Sun flashed about them when Crissand said it. It had been a moment of cloud, which passed… and indeed now there was certainly no tardiness in the heavens, though the wind was still. Spots of sunlight came and went with increasing rapidity across the land, glorious patches of light and gray shadow on the snow.

The talk was, albeit puzzling to him, also enlightening, even in this first part of their ride, of the things Crissand and the other lords had suffered, and what the villages needed. They had a certain shyness of each other at the first, and Crissand seemed to worry about offending him, telling the truth as Crissand would, but everything Crissand said, he heard. From orchards and sheep they talked on about this and that, gossiped about various of the lords, but none unkindly: Drumman’s ambition for a new breed of sheep, Azant’s daughter’s two marriages, her widowed at Lewenbrook, only seven days a bride—but not the only tragedy. Parsynan, so he had no difficulty understanding at all, had done nothing to mend the situation in the villages, nothing to recover Emwy from its destruction, nothing to help Edwyll’s heavy losses, only to collect taxes for the coronation levy and further punish the villages that had helped win the day.

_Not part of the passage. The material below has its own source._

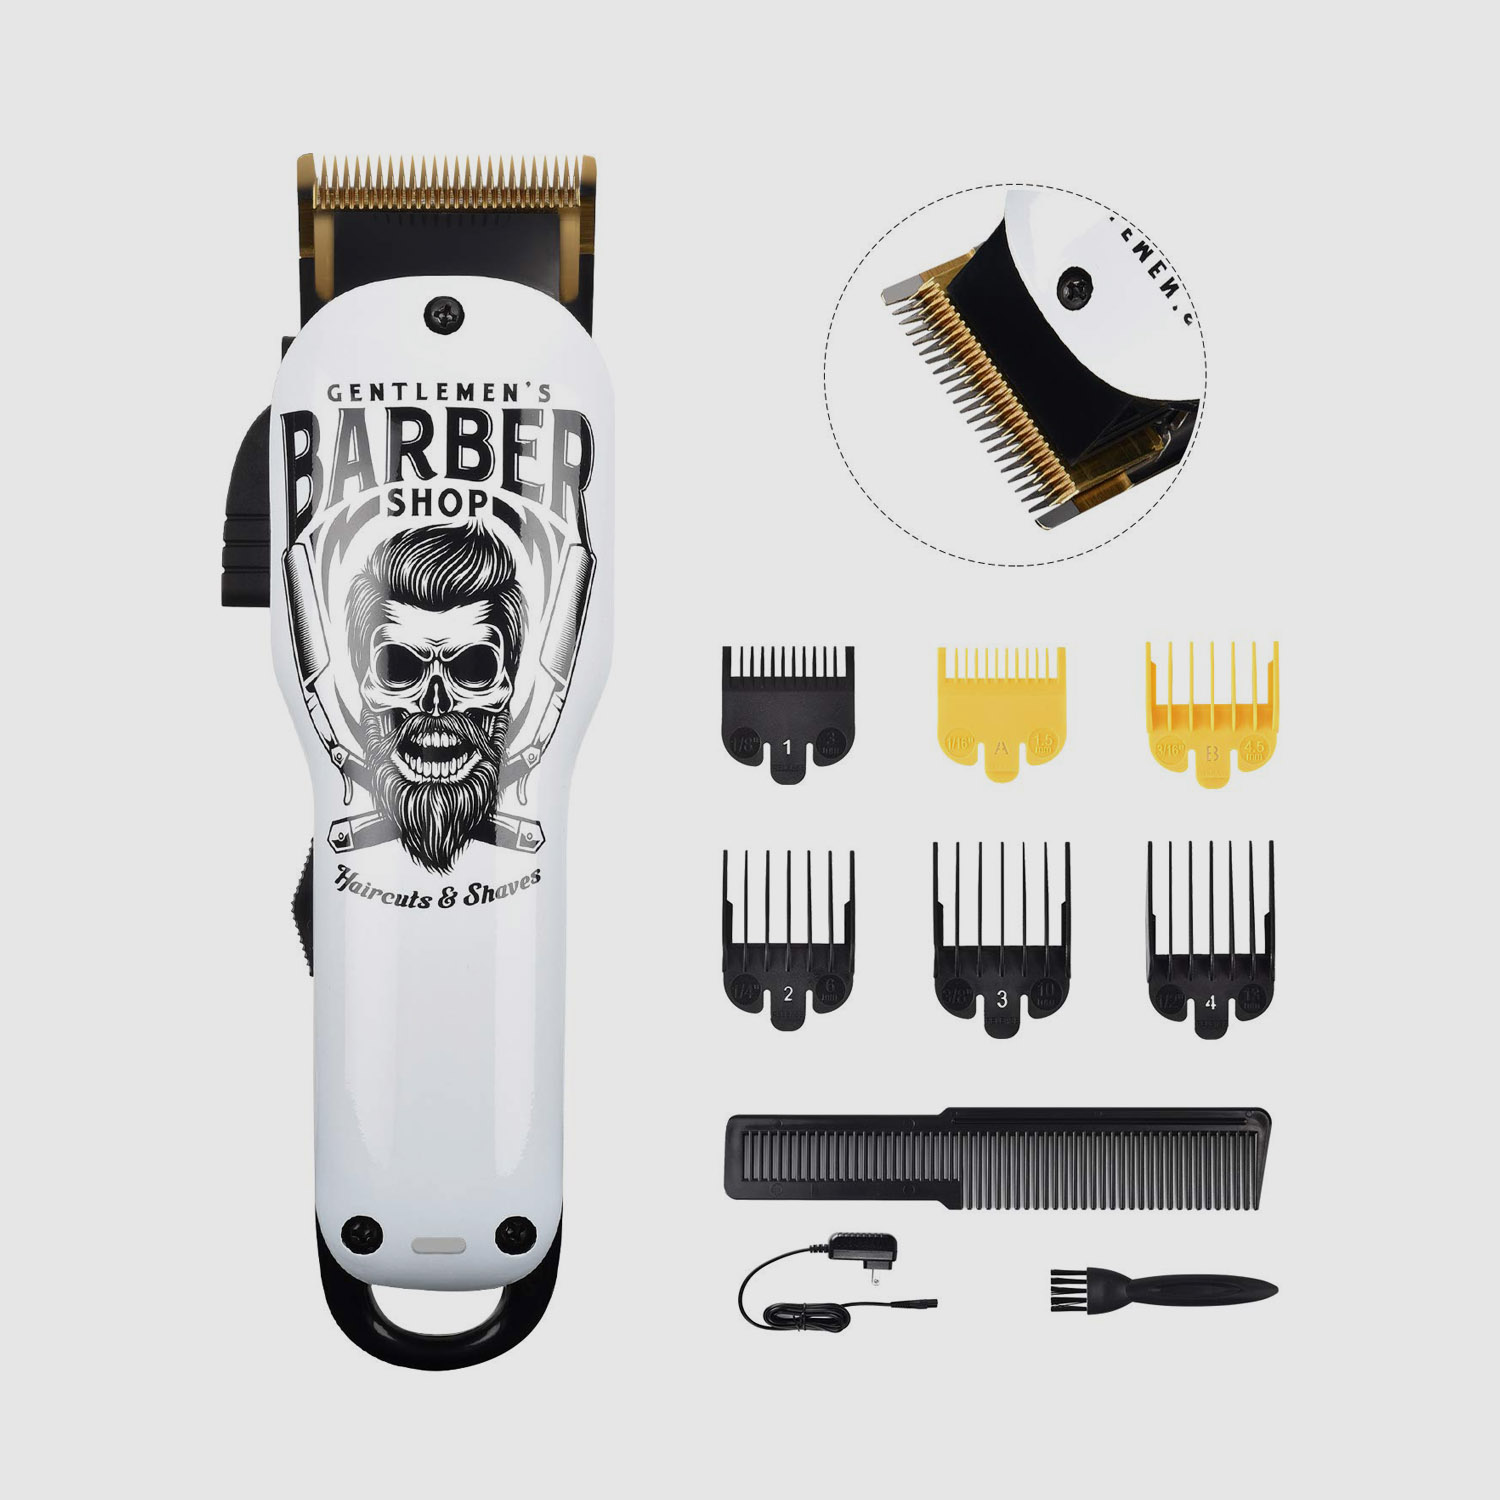 Professional Cordless Haircut Kit Rechargeable 2000mAh with 6 Guide Combs - 0

“Then the king’s men came counting granaries and sheep again,” Crissand said, “and that was the thing that pushed my father toward rebellion, my lord. We’ve no villages starving yet, but by next year they’d be eating the seed corn, and that, that, my lord, there’s no recovering. So the Elwynim offer tempted my father, and the king’s men made him angry. That’s the truth of it. I don’t excuse our actions, but I report the reason of them.”

“I’ve yet to understand all Parsynan’s reasons,” Tristen said, “but at least by what I’ve seen, he built nothing. And I want the repairs made and no great amount spent, and no gold ornaments, and none of this. Yet they want to carve the doors, which is a great deal of expense, and more time, yet everyone, even the servants, say I should do it… while the villages want food. Is that good sense?”